Per questo motivo non immaginava che, 12 anni dopo questa dichiarazione e, soprattutto, dopo 4 interventi e una montagna di ore di fisioterapia e di altre cure per mantenere un po’ di quella mobilità “conquistata durante”ereditata” dall’infanzia, un medico dell’Inps le sospendesse l’indennità di accompagnamento e poi anche la pensione di invalidità.

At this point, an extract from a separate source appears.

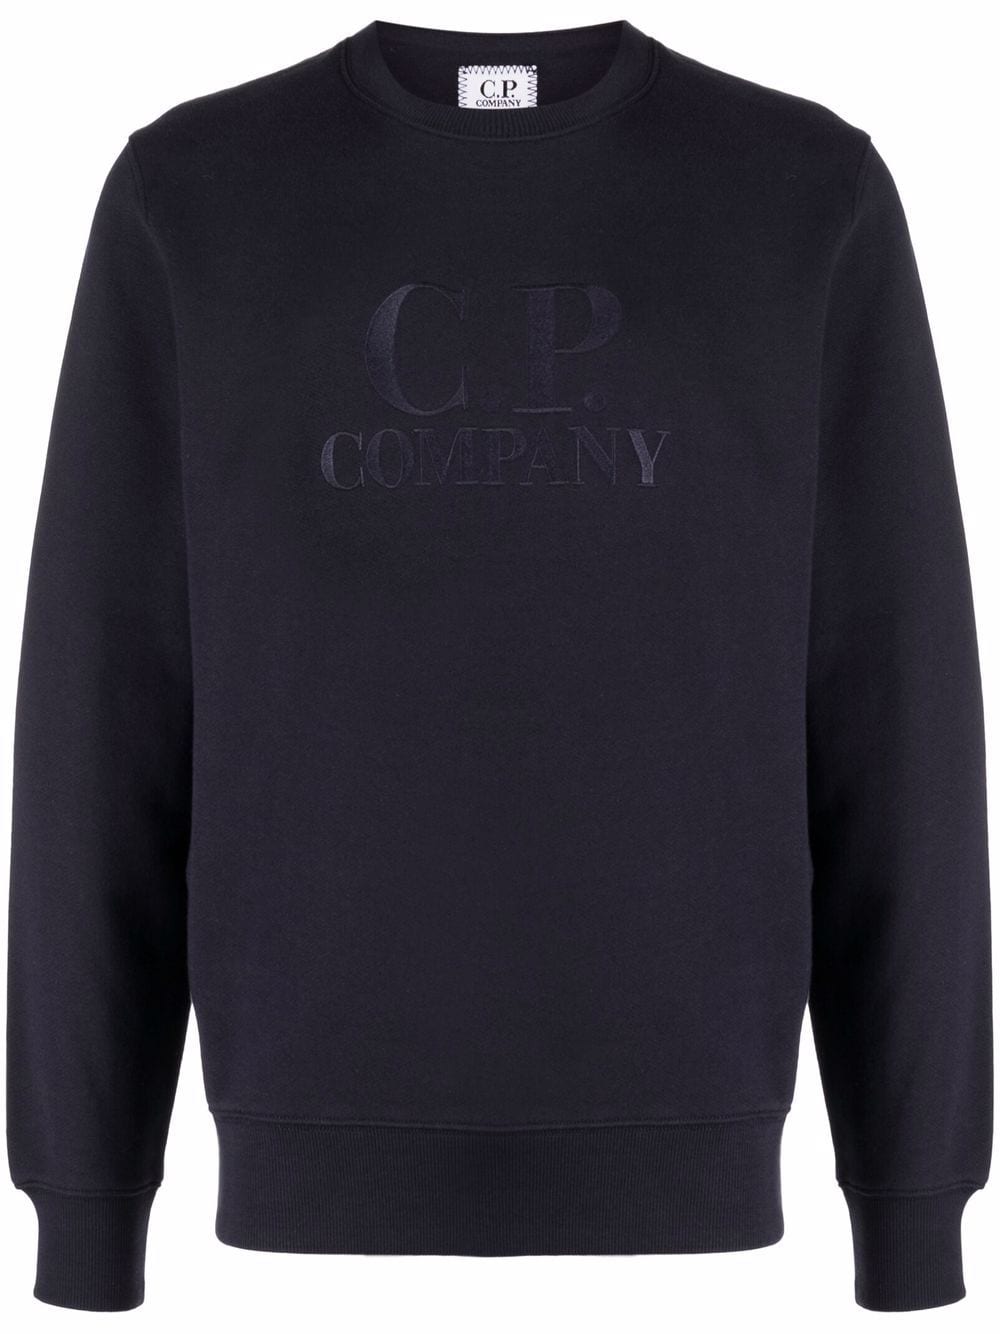 фото C.p. company свитер с вышитым логотипом

«E’ cominciato tutto nel marzo del 2024 quando ho scoperto che, essendo diventata maggiorenne, avrei dovuto ripetere la richiesta per la Legge 104 a nome mio. Fino ai 18 anni valeva quella fatta dai miei genitori – spiega Roxana – Il mio medico curante ha fatto la richiesta e da lì è partito l’incubo». Per un mero errore materiale, nella richiesta è stata barrata anche la richiesta di aggravamento delle sue condizioni di salute. «Avendo da anni il riconoscimento dell’invalidità permanente al 100% – spiega Franco Valente, presidente dell’associazione Anmic presso la quale Roxana e la madre si sono rivolte (nella foto con la ragazza) – Era evidente che si trattasse di un puro errore di compilazione».
Errore riconosciuto immediatamente dalla Commissione della Medicina Legale dell’Asl che conferma tutti i sostegni economici di legge per chi è nelle condizioni di Roxana.
Tutti i componenti tranne uno, il medico che rappresenta l’Inps in seno alla Commissione, il dirigente medico dottor Ciro De Luca che cambia (ne ha facoltà) l’esito della visita, sospende l’indennità di accompagnamento e chiede una nuova visita di revisione a 3 mesi. Decisione ritenuta dal Giudice priva di alcun senso medico-legale e censurata in toto, accogliendo la relazione del perito.«Non ci potevo credere – racconta Roxana – Sono sulla sedia a rotelle da quando ho memoria e viene messa in dubbio la mia condizione? Sarei la prima ad essere felice di non avere più pensione e accompagnamento. Significherebbe che riesco a camminare ma purtroppo non è così».
Gli fa eco Valente: «La commissione aveva già dichiarato la sua invalidità permanente al 100% sulla base della grave diagnosi che, purtroppo per lei, non lascia alcuna speranza di miglioramento, anzi».
L’Anmic ha consigliato a Roxana di non presentarsi alla visita di revisione fissata a tre mesi e ha preparato un ricorso al Giudice del Lavoro di Asti.
Il consiglio di non andare all’incontro di revisione è stato dettato dal fatto che, in caso di accoglimento del ricorso come era ovvio, se si fosse presentata avrebbe perso il diritto agli arretrati. Ma la sua assenza ha prodotto la sospensione dell’erogazione anche dell’assegno di invalidità. E per la famiglia di Roxana ha significato un momento di difficoltà molto importante.Ad agosto la sentenza del giudice che, come ampiamente previsto, ha dato ragione a Roxana e ha disposto che venisse riattivata l’erogazione sia della pensione di invalidità che dell’indennità di accompagnamento con pagamento degli arretrati e spese legali a carico dell’Inps.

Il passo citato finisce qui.